Re: Did Commodore cheat with the quad density floppies?

From: Mike Stein <mhs.stein_at_gmail.com>
Date: Mon, 7 Jan 2019 15:02:45 -0500
Message-ID: <A21492FF06274A7B98A1E2094ADB4C62@310e2>
----- Original Message ----- 
From: <silverdr@wfmh.org.pl>
To: <cbm-hackers@musoftware.de>
Sent: Monday, January 07, 2019 6:58 AM
Subject: Re: Did Commodore cheat with the quad density floppies?



> On 2019-01-06, at 14:16, Gerrit Heitsch <gerrit@laosinh.s.bawue.de> wrote:
> 
>>>> Given two daisy-chained drives with the motor on/off signal on pin 16, how would you individually turn each separate motor on or off?
>>> A jumper of course, it's a PC & so it's full of them. One more won't
>>> hurt :-)
>>> 
>> ??
>> A normal daisy chain cable directly connects all lines, including  the motor on/off line, of the two drives together in parallel; how could a jumper anywhere turn on one motor while leaving the other turned off?
> 
> A drive that turns on the motor without the drive select line being active too has a design flaw. Properly designed drives would let you control the motor only if the DS line is active too. Yes, you would have to set the jumper for DS properly for each drive.
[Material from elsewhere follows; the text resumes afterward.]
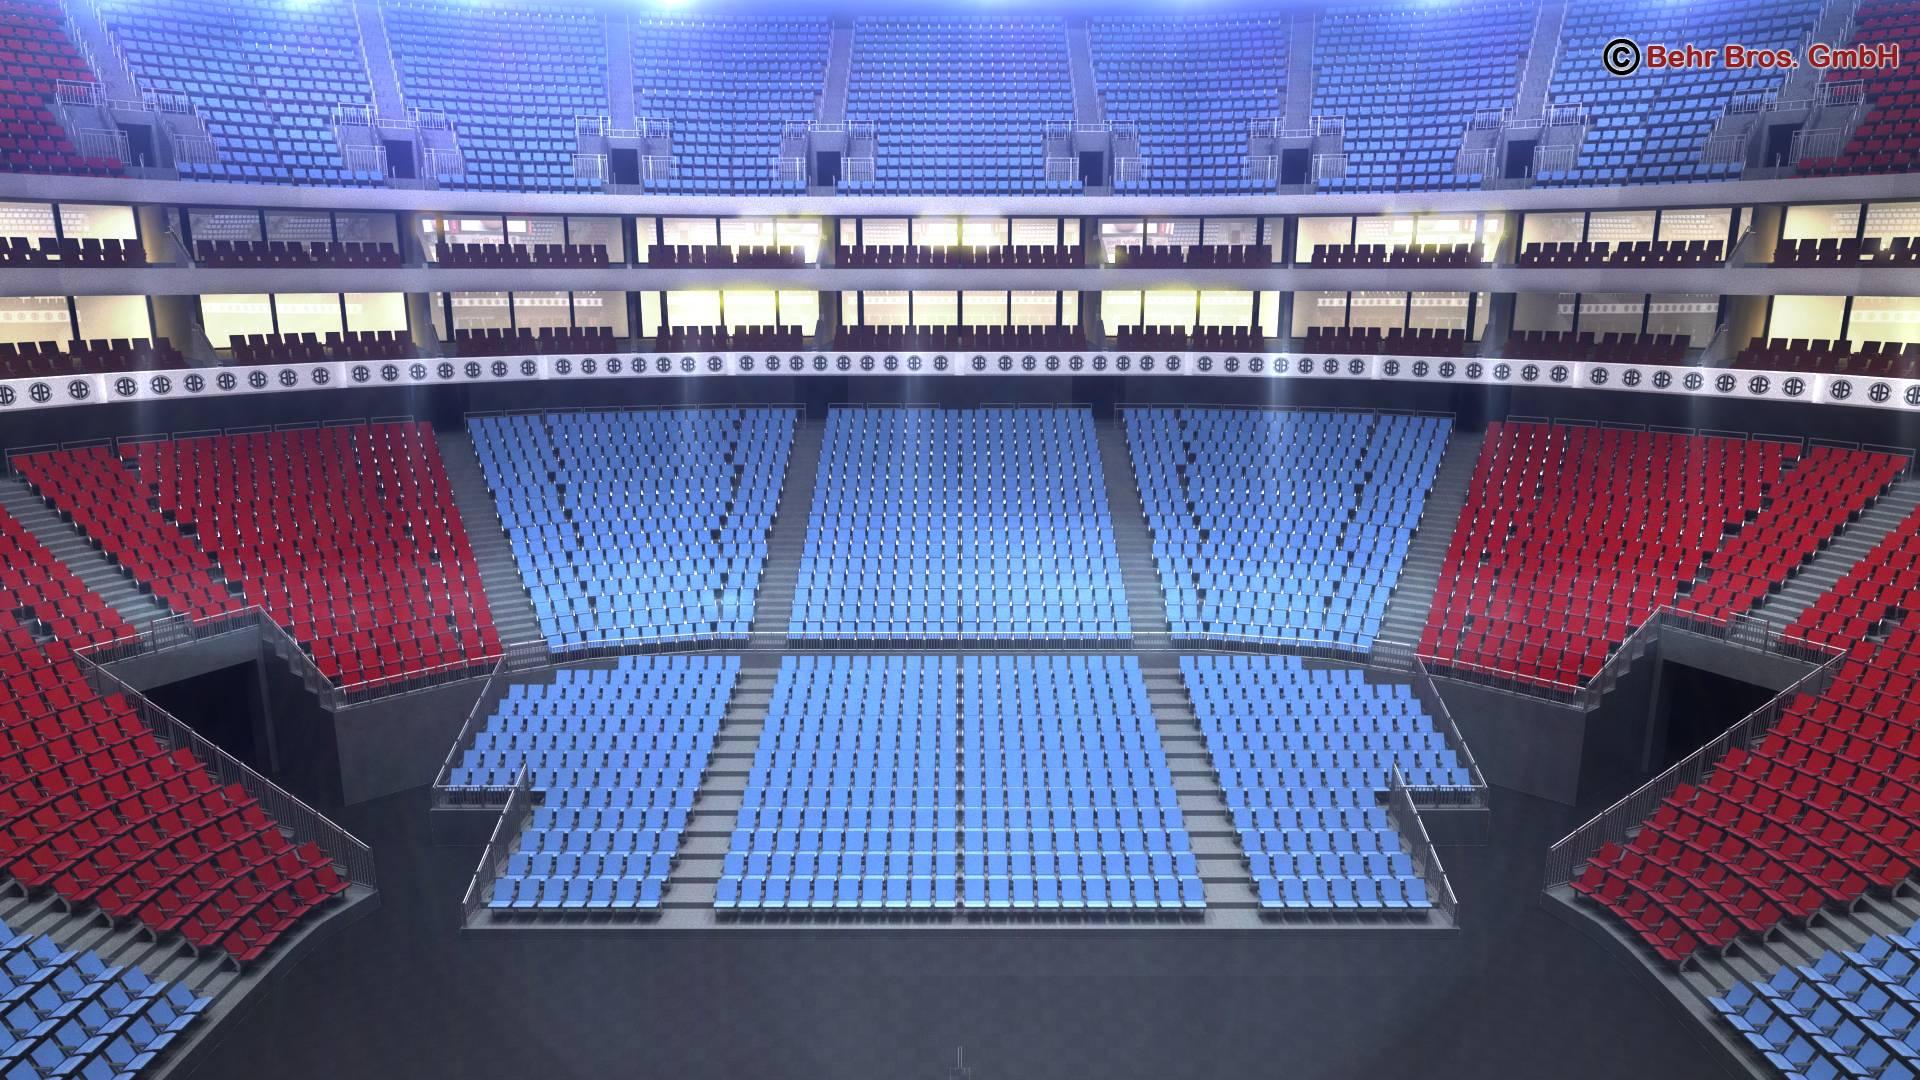 košarkaška arena v2 3d model 3ds max fbx c4d lwo ma mb obj 222369

Precisely that. And the drive could be positioned anywhere on the chain too.
-----

Yes, and if wishes were horses beggars would ride. Although some modern direct-drive drives do have this option, the drives of the day did not; as a matter of fact some contemporary 8" drives were driven with a constantly-on 120 (or 240)V. line-powered motor, albeit often with a head-load solenoid. 

What I find slightly offensive is denigrating the IBM engineers of the day (by putting "engineers" in quotes for example) for devising an IMO very clever way of working around this 'shortcoming' without having to modify all the drives as you would have them do.

The alternative of turning on the motor with the DS signal would mean delaying access until the motor came up to speed; imagine disk-to-disk copy with relatively crude belt-driven motors starting and stopping with every access...

It's so easy to sit back and criticize the decisions and choices made in the distant past without fully taking into account the constraints that influenced them.